Что, если мне действительно нужно было дать ему время, о котором он меня так просил? Что, если за всем этим было и есть нечто большее, чем кажется на первый взгляд? Что, если мне следовало просто довериться ему, а не искать причины, чтобы пытаться вывести его на правду, которую он по каким-то причинам не был готов озвучить?
Я ставила Алексу в укор то, что он не был со мной честен. Но разве в моей жизни кто-то был со мной откровенен на все сто процентов? Оказалось, что мне лгали и брат, и папа, и мама. Самые близкие люди скрывали от меня какие-то куски правды, делая это, как им казалось, мне во благо. Может быть, Александр действовал и действует в рамках точно такой же логики?

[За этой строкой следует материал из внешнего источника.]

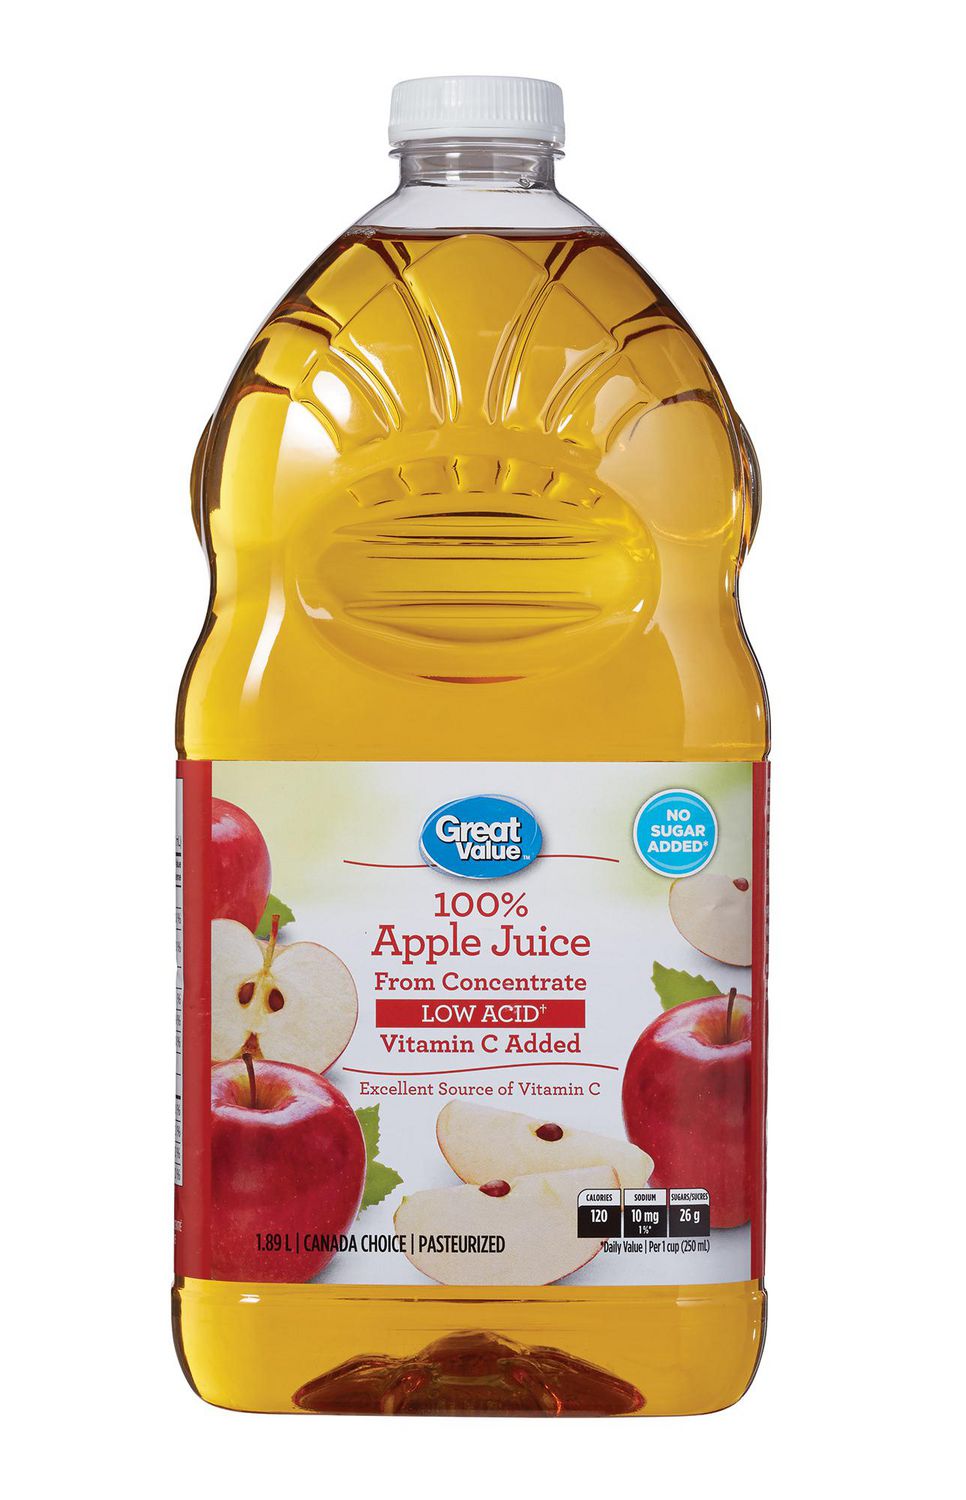 honeycrisp apple juice walmart

Меня вдруг охватывает паника. Я начинаю думать, что все испортила. Что предала его хорошее к себе отношение необдуманным побегом, когда все, что делал Алекс, – это старался мне помочь. Разве мама не учила меня в первую очередь при принятии важных решений слушать свое сердце? Почему же три дня назад я позволила Кириллу и собственному, ни на чем не основанному страху управлять мной? Что, если теперь слишком поздно что-то исправить?
Я уже готова нарушить молчание и попросить Александра поговорить со мной, но Audi останавливается у моего дома – погрузившись в свои переживания, я даже не заметила, что мы приехали. Водитель выходит, чтобы открыть для меня дверь, а я растерянно смотрю на Алекса.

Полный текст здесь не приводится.